PROBLEM: Below are the entries; give again exactly the lines from the one mentioning "Imbarcazione attraccata ad" through the one mentioning "Marvel Avengers Endgame", inclusive.

GIVEN DATA:
# # #
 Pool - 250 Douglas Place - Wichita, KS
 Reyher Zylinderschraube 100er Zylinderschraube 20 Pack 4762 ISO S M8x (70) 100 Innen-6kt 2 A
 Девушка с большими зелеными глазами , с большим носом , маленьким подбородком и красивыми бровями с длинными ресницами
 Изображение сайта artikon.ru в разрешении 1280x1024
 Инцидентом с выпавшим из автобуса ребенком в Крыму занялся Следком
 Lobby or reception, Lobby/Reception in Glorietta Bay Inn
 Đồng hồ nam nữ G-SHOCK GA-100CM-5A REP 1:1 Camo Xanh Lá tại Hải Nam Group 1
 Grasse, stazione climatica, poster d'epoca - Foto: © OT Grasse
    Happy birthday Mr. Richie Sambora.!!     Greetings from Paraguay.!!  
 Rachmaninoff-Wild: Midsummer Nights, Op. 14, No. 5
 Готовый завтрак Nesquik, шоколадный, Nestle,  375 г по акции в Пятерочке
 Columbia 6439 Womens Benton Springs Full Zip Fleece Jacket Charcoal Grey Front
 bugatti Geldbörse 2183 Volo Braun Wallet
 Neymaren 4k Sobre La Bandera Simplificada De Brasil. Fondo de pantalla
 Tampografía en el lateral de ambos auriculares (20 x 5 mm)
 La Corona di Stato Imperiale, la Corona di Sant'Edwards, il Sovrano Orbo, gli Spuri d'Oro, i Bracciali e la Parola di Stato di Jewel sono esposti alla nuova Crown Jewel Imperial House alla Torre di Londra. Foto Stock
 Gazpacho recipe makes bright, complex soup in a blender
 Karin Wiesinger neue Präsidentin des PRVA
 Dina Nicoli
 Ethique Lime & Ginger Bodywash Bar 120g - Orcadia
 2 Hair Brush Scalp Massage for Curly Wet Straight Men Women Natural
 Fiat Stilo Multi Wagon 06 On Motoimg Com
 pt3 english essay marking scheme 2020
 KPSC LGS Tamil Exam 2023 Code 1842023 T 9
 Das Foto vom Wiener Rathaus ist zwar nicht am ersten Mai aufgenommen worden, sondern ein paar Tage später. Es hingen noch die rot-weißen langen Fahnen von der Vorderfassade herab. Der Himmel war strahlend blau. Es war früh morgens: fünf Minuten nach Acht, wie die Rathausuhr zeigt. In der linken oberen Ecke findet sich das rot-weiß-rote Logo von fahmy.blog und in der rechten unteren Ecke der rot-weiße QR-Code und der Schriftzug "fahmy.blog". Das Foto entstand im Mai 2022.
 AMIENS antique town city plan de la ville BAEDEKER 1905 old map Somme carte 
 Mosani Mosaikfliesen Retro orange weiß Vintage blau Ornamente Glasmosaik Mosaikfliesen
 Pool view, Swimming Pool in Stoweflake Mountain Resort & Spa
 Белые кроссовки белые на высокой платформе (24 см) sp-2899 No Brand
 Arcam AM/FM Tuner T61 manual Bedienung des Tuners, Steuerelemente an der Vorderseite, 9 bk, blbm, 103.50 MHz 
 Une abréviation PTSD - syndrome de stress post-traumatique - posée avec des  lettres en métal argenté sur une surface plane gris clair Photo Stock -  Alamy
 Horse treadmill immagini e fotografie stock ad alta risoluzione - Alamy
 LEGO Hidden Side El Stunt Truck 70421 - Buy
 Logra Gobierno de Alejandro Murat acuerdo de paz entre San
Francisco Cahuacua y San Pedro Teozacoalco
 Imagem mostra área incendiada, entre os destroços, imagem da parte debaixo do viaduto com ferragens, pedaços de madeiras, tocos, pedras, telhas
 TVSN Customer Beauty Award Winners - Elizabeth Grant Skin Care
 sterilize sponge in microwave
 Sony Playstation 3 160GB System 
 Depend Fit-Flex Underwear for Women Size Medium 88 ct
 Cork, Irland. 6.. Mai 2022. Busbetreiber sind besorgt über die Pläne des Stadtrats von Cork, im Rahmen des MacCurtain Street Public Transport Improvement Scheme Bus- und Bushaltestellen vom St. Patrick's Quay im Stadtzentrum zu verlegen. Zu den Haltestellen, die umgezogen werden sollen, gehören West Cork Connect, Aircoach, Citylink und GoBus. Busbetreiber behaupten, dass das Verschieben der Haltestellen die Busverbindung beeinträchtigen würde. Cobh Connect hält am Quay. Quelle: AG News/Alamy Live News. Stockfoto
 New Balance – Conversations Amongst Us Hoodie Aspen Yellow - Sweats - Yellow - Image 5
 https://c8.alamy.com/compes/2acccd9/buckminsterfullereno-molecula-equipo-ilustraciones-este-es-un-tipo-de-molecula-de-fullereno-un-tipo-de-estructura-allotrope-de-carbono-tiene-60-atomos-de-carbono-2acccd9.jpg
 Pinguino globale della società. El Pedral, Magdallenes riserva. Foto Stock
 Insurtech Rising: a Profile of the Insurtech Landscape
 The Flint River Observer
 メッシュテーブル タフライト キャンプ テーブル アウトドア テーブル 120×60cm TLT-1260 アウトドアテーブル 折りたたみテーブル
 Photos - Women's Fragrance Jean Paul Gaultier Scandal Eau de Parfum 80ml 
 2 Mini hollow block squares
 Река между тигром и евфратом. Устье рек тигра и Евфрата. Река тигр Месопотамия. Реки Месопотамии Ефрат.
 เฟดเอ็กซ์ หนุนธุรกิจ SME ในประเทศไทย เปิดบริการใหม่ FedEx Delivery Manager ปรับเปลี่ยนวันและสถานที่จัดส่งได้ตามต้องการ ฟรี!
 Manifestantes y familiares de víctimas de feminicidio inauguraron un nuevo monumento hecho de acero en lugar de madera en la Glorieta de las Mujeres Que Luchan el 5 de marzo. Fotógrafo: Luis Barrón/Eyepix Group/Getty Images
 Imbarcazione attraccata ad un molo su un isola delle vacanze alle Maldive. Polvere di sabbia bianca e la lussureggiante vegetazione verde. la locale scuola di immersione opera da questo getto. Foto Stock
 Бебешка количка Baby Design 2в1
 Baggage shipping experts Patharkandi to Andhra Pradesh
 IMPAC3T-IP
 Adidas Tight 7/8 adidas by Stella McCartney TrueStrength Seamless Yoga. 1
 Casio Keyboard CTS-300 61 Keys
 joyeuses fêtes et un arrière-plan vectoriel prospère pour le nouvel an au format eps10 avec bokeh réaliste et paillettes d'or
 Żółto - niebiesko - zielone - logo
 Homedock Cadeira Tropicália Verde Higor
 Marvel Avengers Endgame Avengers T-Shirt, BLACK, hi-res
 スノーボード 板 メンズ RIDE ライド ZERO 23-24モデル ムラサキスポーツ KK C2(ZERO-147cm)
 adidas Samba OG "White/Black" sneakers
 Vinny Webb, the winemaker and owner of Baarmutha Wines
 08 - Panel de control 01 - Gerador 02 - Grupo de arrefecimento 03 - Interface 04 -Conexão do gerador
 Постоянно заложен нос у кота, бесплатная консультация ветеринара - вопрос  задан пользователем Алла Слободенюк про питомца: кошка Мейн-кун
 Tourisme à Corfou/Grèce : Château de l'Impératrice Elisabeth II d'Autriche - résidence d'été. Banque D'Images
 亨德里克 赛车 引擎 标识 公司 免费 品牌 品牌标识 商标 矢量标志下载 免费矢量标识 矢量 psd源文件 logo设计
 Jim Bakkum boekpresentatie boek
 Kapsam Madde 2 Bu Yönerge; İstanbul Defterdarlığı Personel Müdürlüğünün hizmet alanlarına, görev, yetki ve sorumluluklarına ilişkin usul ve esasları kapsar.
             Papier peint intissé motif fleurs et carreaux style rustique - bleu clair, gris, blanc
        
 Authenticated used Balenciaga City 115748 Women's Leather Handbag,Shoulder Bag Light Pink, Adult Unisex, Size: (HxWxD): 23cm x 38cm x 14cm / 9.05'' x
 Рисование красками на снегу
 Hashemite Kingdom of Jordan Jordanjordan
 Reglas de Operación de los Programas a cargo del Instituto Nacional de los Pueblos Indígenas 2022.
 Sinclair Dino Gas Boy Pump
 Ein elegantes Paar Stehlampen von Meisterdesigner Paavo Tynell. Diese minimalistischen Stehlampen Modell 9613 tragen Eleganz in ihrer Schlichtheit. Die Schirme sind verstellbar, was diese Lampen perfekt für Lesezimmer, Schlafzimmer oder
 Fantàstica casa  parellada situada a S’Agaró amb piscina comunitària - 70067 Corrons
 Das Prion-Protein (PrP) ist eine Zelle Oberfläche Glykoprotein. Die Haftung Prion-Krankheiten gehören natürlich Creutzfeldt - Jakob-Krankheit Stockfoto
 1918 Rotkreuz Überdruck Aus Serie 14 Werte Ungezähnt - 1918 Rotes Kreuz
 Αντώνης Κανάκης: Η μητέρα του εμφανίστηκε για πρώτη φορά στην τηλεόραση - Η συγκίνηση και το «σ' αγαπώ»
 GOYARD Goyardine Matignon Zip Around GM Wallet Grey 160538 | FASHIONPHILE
# # #
TASK RESULT:
 Imbarcazione attraccata ad un molo su un isola delle vacanze alle Maldive. Polvere di sabbia bianca e la lussureggiante vegetazione verde. la locale scuola di immersione opera da questo getto. Foto Stock
 Бебешка количка Baby Design 2в1
 Baggage shipping experts Patharkandi to Andhra Pradesh
 IMPAC3T-IP
 Adidas Tight 7/8 adidas by Stella McCartney TrueStrength Seamless Yoga. 1
 Casio Keyboard CTS-300 61 Keys
 joyeuses fêtes et un arrière-plan vectoriel prospère pour le nouvel an au format eps10 avec bokeh réaliste et paillettes d'or
 Żółto - niebiesko - zielone - logo
 Homedock Cadeira Tropicália Verde Higor
 Marvel Avengers Endgame Avengers T-Shirt, BLACK, hi-res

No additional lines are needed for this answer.